Al-Awlaki’s transformation was accelerated after the wars in Afghanistan and Iraq, and cemented after spending 18 months in a Yemeni prison, at the behest of the American government. An imprisonment, by the way, that the United Nations investigated and deemed as unlawful imprisonment.
Even in light of all of this, Anwar al-Awlaki, a man who wasn’t shy about stating where he stood, never claimed to be a member of al-Qaeda in the Arabian Peninsula.
So, why would al-Qaeda, even if it had a change of heart, trust such a person with operational or tactical oversight of any organization? The Obama administration’s rationale for the killing of his 16-year-old son, American citizen Abdulrahman Awlaki is even less compelling. This was an American teenager born in Denver, Colo., in 1995, just hanging out with his cousin at an outdoor restaurant, assassinated by the CIA — by the U.S. government.
U.S. officials, originally, leaked stories to the press saying that he was 21 years old. Then, they said that he had been with Ibrahim al-Banna, an Egyptian member of al-Qaeda in the Arabian Peninsula. So, then the prevailing story became the U.S. was trying to kill al-Banna and Abdulrahman Awlaki who just, coincidentally, happened to be next to him. What sinks this account is that the CIA claimed that al-Banna wasn’t on their kill list. To this day, they have failed to give a complete or coherent rendering of why Abdulrahman was killed.
Robert Gibbs, former White House press secretary and Obama surrogate, did, however, have this explanation to offer: “I would suggest that you should have a far more responsible father. If they’re truly concerned about the well-being of their children, I don’t think becoming an al-Qaeda jihadist terrorist is the best way to go about doing your business.”
Now, how can that view be considered anything less than radical? Isn’t the rationale for this continuing and misguided “war on terror,” is that the terrorists have no regard for the lives of the innocent; that they indiscriminately and callously kill and their enemies deserve what they get? Gibbs’ statement is dangerously close to that perspective, some might say identical. When did he become … radicalized? Or, when was he called radical?
Conclusion
It is a near certainty that there will be those who will, in viewing this piece, say, in regard to counterterrorism, that those who cause death and destruction ought to be brought to justice.
Exactly. There will be some who will say that the suffering of those impacted by those with no consideration for life or the law must be stopped. Exactly. And yes, radicalization has to be challenged and there is no excuse for the violence visited upon innocent men, women and children.
Exactly, exactly, exactly. If it is wrong for al-Qaeda; the Tsarnaev brothers and others to engage in such acts, then it must be wrong for the CIA and the U.S. government as well.
I was a professor and administrator at the same university where Dzhokhar Tsarnaev was a student. This writer has enough tears to go around; this heart can ache just as passionately for those in Yemen, Palestine, Iraq and Somalia, as it does for those in, the state that it called home for six years, Massachusetts.

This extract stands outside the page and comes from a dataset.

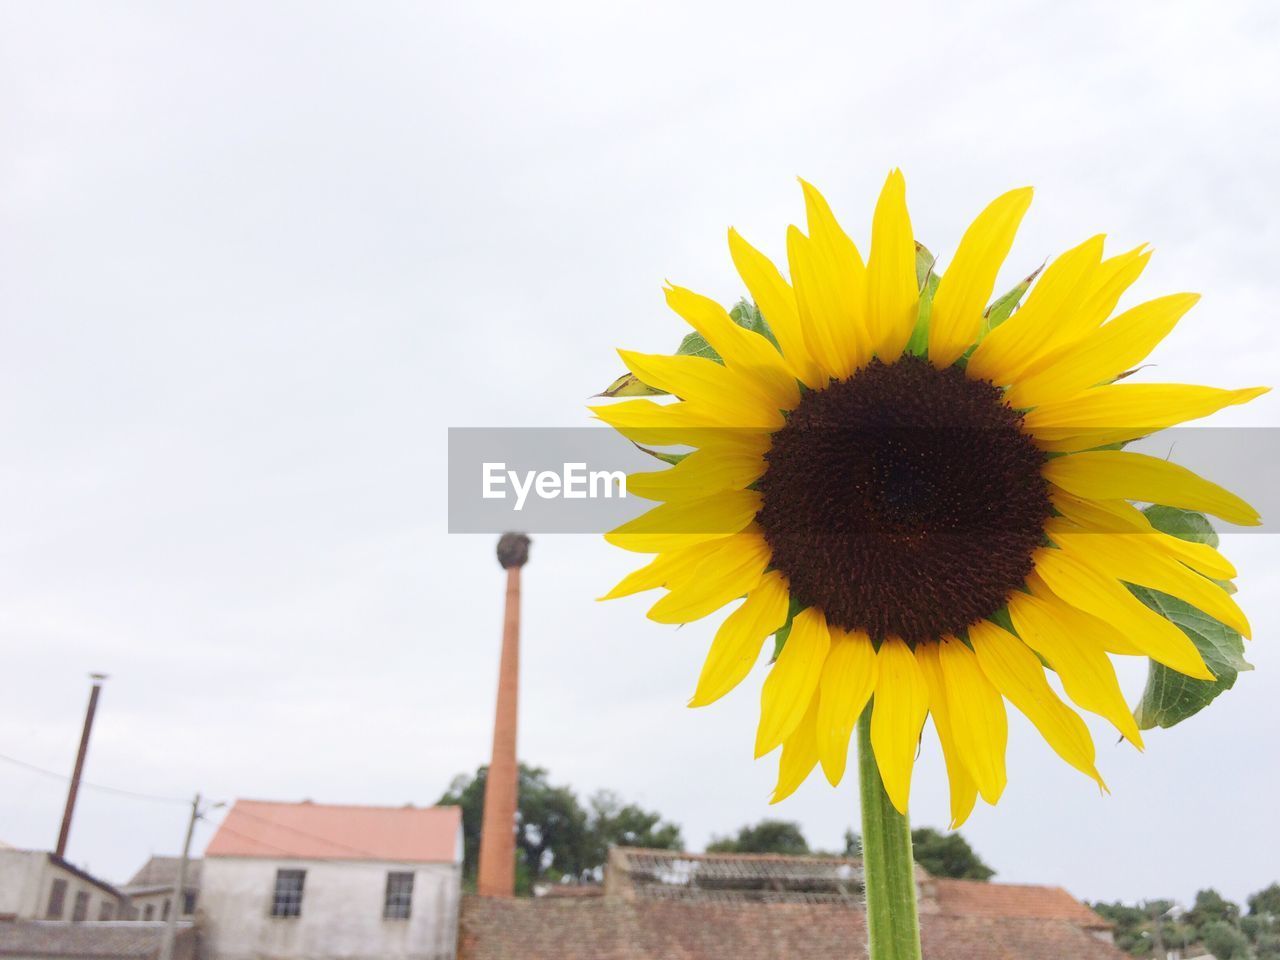 CLOSE-UP OF SUNFLOWERS AGAINST BUILDINGS

The question still remains, however, who calls the State radical? When do we talk about the radicalization of a government?
Six days after the U.S. bombed his village, Yemeni activist Farea al-Muslimi testified on Capitol Hill about the U.S. drone wars:
“In the best, what Wessab’s villagers knew of the U.S. was based on my stories about my wonderful experiences here. The friendships and values I experienced and described to the villagers helped them understand the America that I know and that I love. Now, however, when they think of America, they think of the terror they feel from the drones that hover over their heads, ready to fire missiles at any time. What the violent militants had previously failed to achieve, one drone strike accomplished in an instant. There is now an intense anger against America in Wessab.”
Isn’t it time, when it comes to radicalization, for this nation to take a long look in the mirror?